Risk of Waterborne Disease Climbs in Syria

Risk of Waterborne Disease Climbs with Summer Temperatures in Syria As the Syrian rainfall dwindles to its lowest annual point in July and power outages halt piped water supplies to Aleppo, Syria may be facing an unprecedented rise in waterborne disease, according to a study done by the WHO and UNICEF.

The July power outages in Aleppo are symptomatic of a Syrian public infrastructure in steady decline. Since 2011, Syrian public water systems and health initiatives have been deteriorating through negligence and damage due to the combat efforts of the civil war.

With this drop in facilities has come a spike in waterborne disease, especially in children. In 2013, rates of hepatitis A increased by 219 percent in only five months. A similar increase in typhoid was also noted in the same time period.

2015 has shown little improvement. In the first half of this year alone, Syria registered 105,886 cases of acute diarrhea, many of them in young children. The WHO estimates that this figure will only increase as the arid summer months force more Syrians to turn to contaminated water sources in lieu of dwindling reservoirs.

“We are anticipating a number of public health risks from water-borne diseases, specifically hepatitis, typhoid, cholera and dysentery. Given the scale of population movement both inside Syria and across borders, together with deteriorating environmental health conditions, outbreaks are inevitable,” said Dr. Jaouad Mahjour, the WHO director of the Department for Communicable Diseases.

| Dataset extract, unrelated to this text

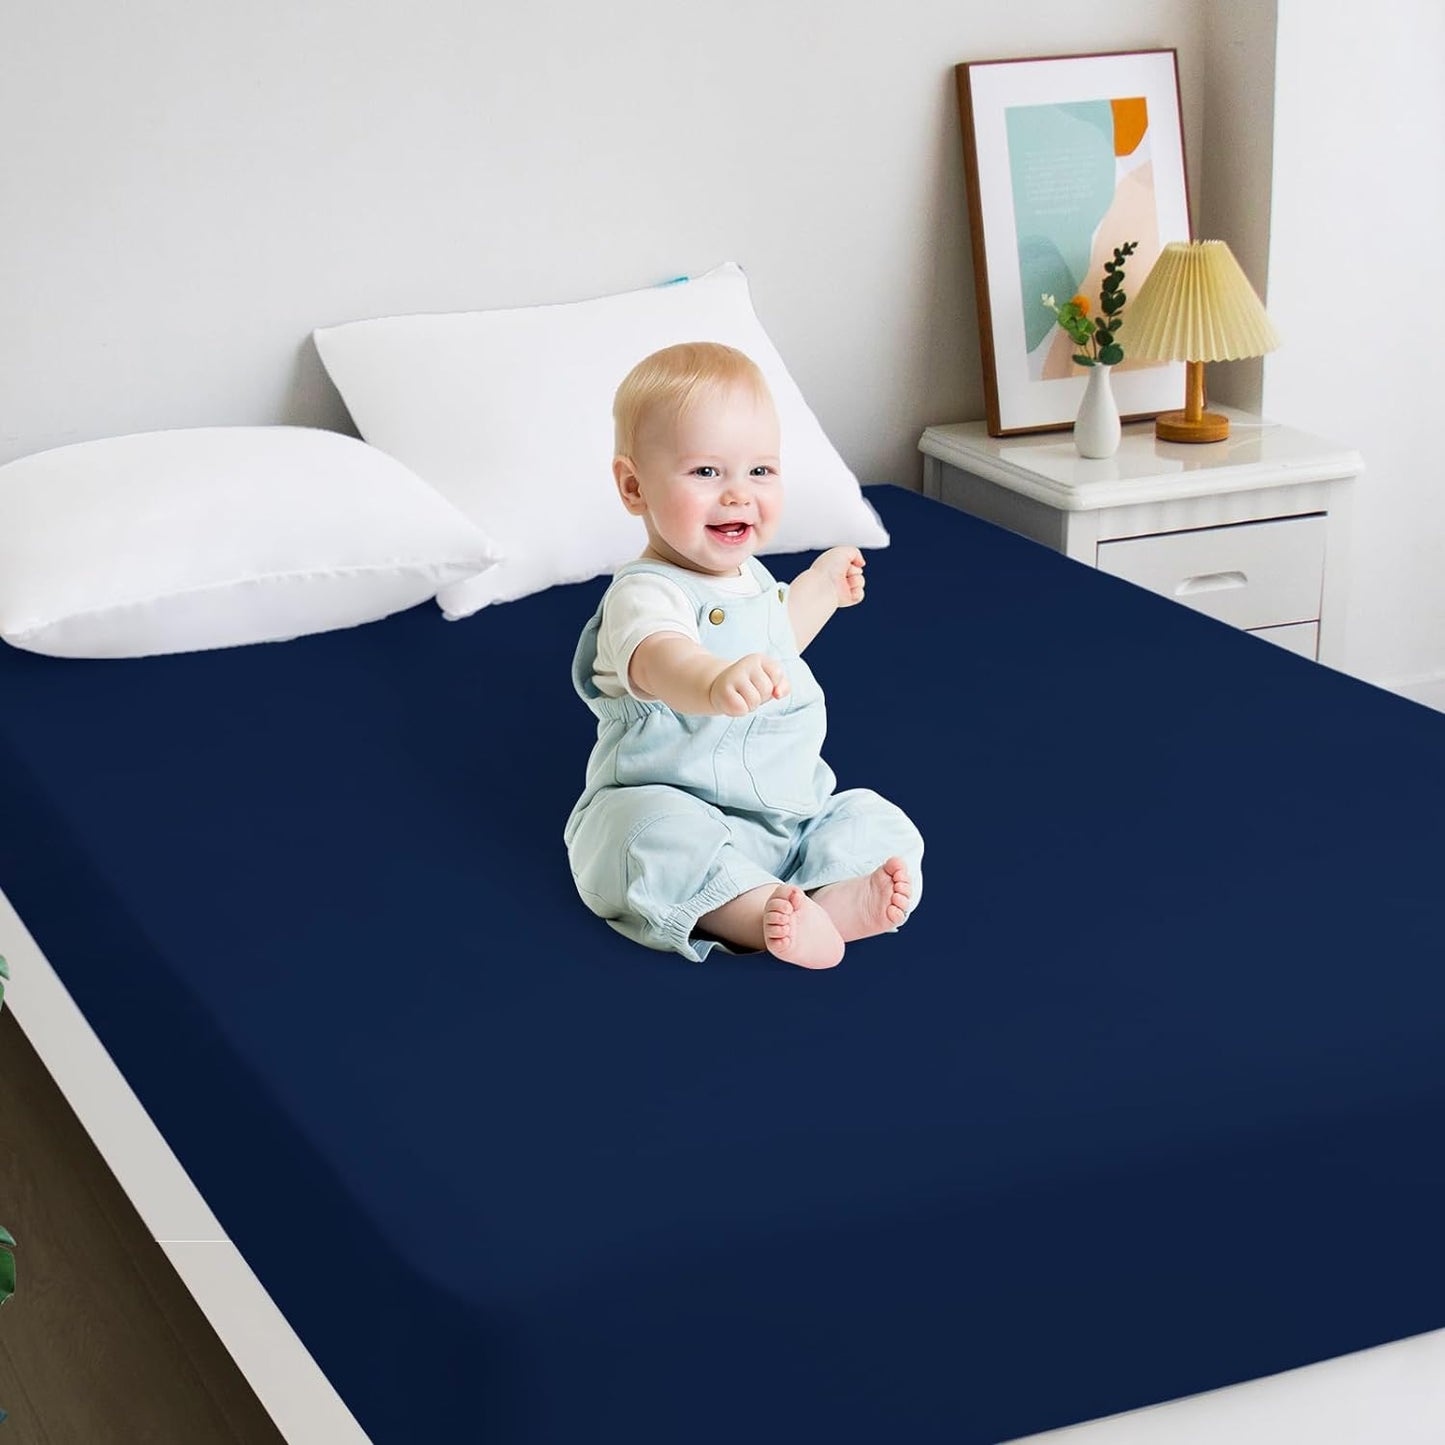 Waterproof Mattress Protector Twin & Full Size, 2 Pack, Noiseless & Soft Mattress Cover with Deep Pocket Up to 14" Depth, Super Breathable & Easy Wash, Navy

Before the Arab Spring, Syrian water consumption ranked high for the Middle East, with a per capita consumption of 300 cubic meters, yet this still fell disastrously short of the global water scarcity mark of 1,000 cubic meters per capita. This figure has only decreased as Syria’s civil war shifts into a “water war” in which rebel groups have seized control of some of Syria’s most important water (and water-generated power) sources.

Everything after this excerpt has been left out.